Broader implications need to be considered, too. Community is built not only through structured interactions but also through small, informal moments, shared experiences, chance encounters, and a sense of belonging. 

If more of our interactions become mediated by AI, these moments will diminish. It is crucial that we ensure both co-exist side by side, where we continue to enjoy banter and connection in real life while also looking to AI for advice in moderation. 

But connections often require a degree of mutual dependence, which may erode with overreliance on AI for support.

My concerns about the negative impact of AI on relationships are predictions, not certainties. But uncertainty does not make them insignificant.

I am not alone in these concerns. American technology ethicist Tristan Harris, who formerly worked at Google’s persuasive technologies department and trained with the founders of Instagram, has consistently highlighted the psychological impact of persuasive technologies, systems designed not only to serve us but to capture and hold our attention. 

His growing worry is that technological advancement is outpacing our ability to understand its consequences fully.

He also argues that AI is being rolled out without proper testing on its psychological effects, especially on young people. He warns we are exposing children to systems that are “stranger than strangers”, intelligent but not human, without knowing the consequences.

Harris says the renowned American biologist Edward O Wilson’s comment on humanity navigating modern life with “palaeolithic brains, medieval institutions, and godlike technologies” is more relevant than ever, given the challenges of adapting to AI.

The difficulty is not merely the technology itself, but the speed at which it evolves relative to our capacity to adapt.

Saving human experience

So what can we do as parents?

Rejecting technology is not the answer. That would be neither realistic nor feasible. AI is already embedded in many aspects of children’s daily lives, including their education and social worlds. 

But we do need to be intentional about preserving the human experiences that support their psychological wellbeing. This intent means ensuring that children continue to engage in real-world relationships, learn to tolerate boredom, and develop the ability to distinguish authentic from artificial interactions. 

According to a 2026 Unesco report, some European programmes (for example, Denmark’s TVET frameworks and teacher training courses) embed AI literacy directly into education. But it’s too early to assess the effectiveness of any of these programmes.

Fast-evolving AI also requires us, as adults, to reflect on our own behaviour. If we begin to outsource thinking, decision-making, or emotional support to bots, we model a pattern that children will follow.

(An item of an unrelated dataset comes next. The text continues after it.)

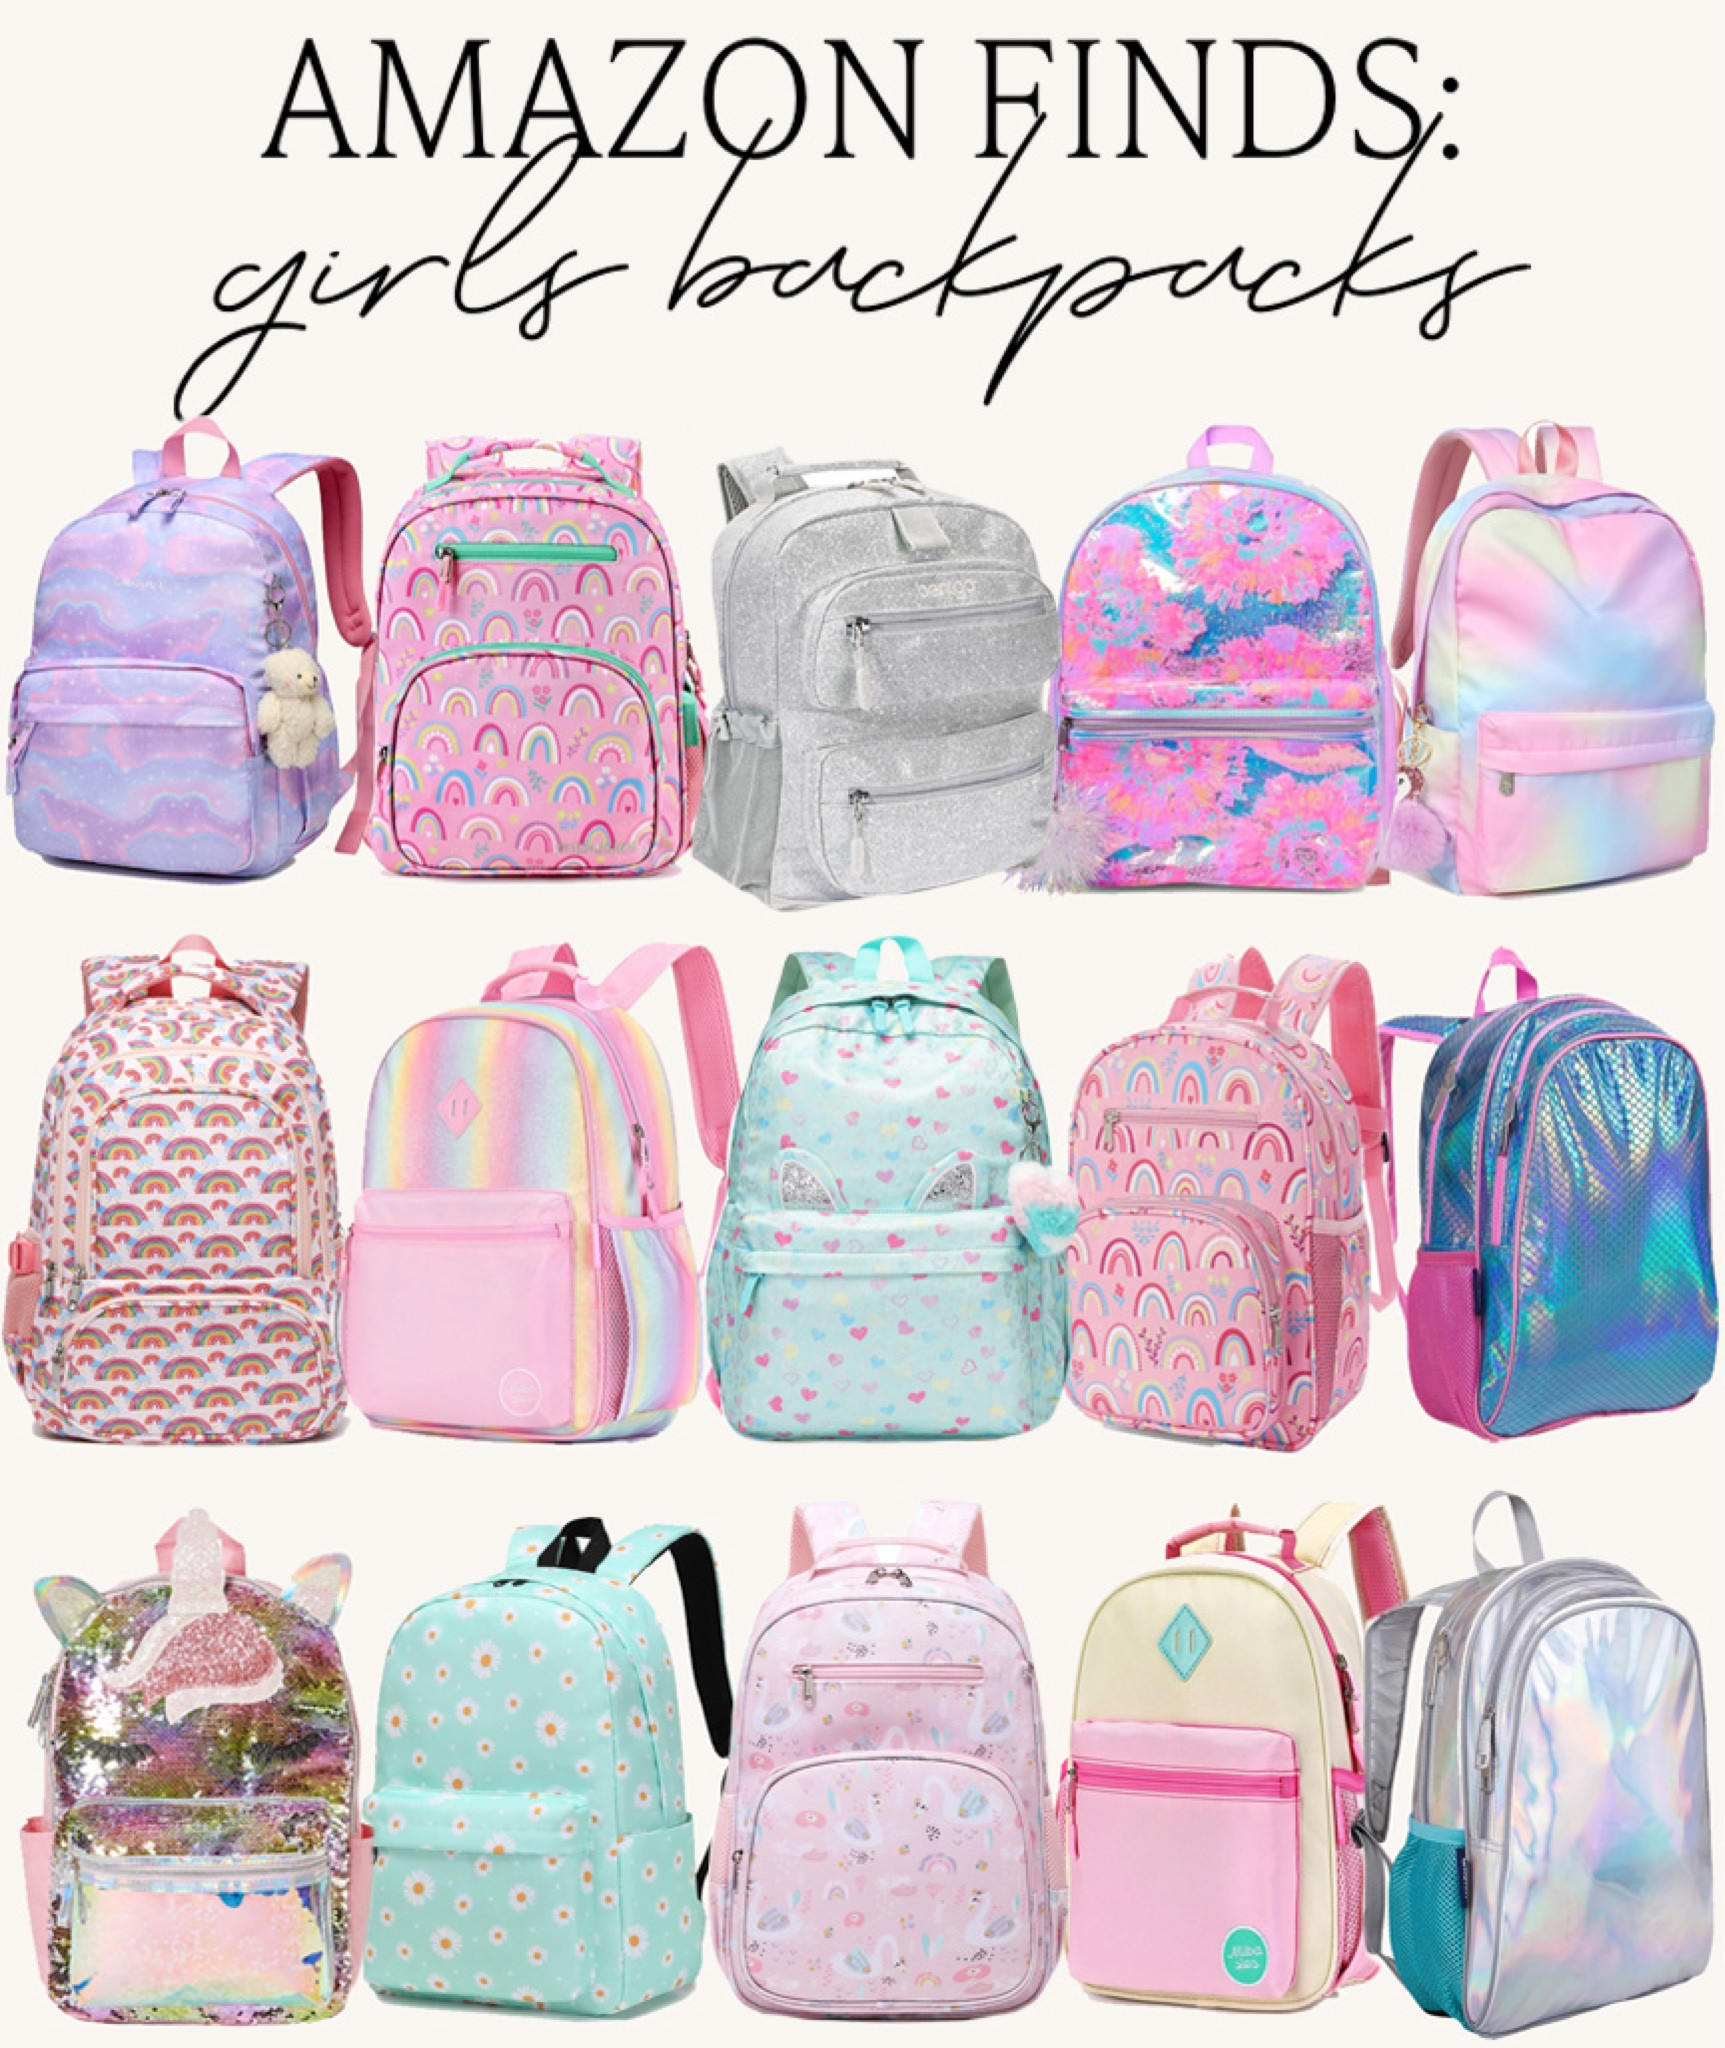 Bentgo Kids Backpack | Backpacks for School Petal Pink Glitter

Perhaps most importantly, it requires a shift in how we respond to early warnings of the potential negative impacts of AI. Rather than dismissing them as speculative, we might treat them as opportunities, not to panic but to prepare.

Parenting has always meant anticipating risk and guiding children through uncertainty. What has changed is the pace of that uncertainty. We are now raising children for a future that is evolving in real time.

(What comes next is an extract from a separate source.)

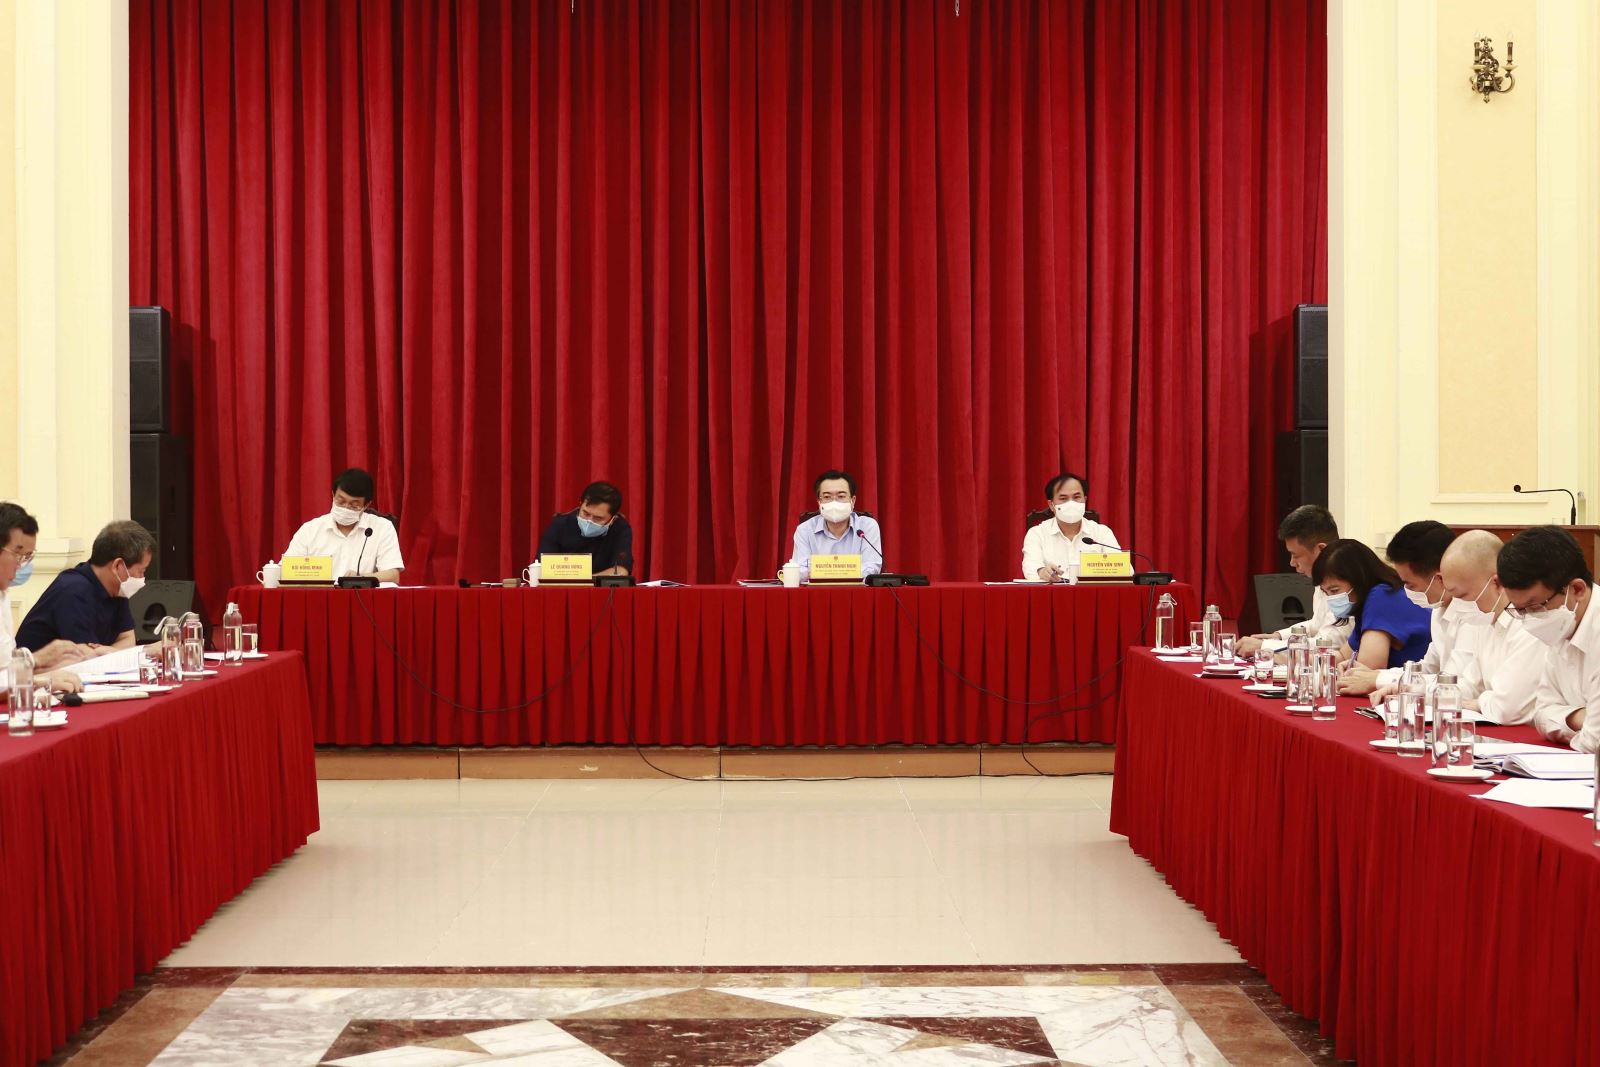 Tham dự Hội nghị có các đồng chí Thứ trưởng: Lê Quang Hùng, Nguyễn Văn Sinh, Bùi Hồng Minh; và thủ trưởng các cơ quan, đơn vị trực thuộc cơ quan Bộ Xây dựng

Our fast-changing world calls for a willingness to act before we are entirely certain of the negative impacts of AI. History suggests that waiting for certainty often comes at a cost.

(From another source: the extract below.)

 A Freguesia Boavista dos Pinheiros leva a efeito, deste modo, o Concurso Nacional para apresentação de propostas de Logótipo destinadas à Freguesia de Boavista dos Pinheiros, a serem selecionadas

Harris has warned of the possibility of an “anti-human future”, one that prioritises efficiency over empathy and prediction over presence. If that is a possibility, our response should not be withdrawal but intention. 

We need to be role models for our children by being more deliberately human. We need to demonstrate how we prioritise relationships that require effort, value presence over efficiency, depth over speed, and authenticity over simulation. 

If they don’t see us valuing those human aspects, they’re unlikely to. Relating to each other in person and in real time is central to the world we create. 

The future is not something that simply happens to us. It is something we help shape through the way we live, connect, and raise the next generation. And for now, at least, those choices remain ours to make.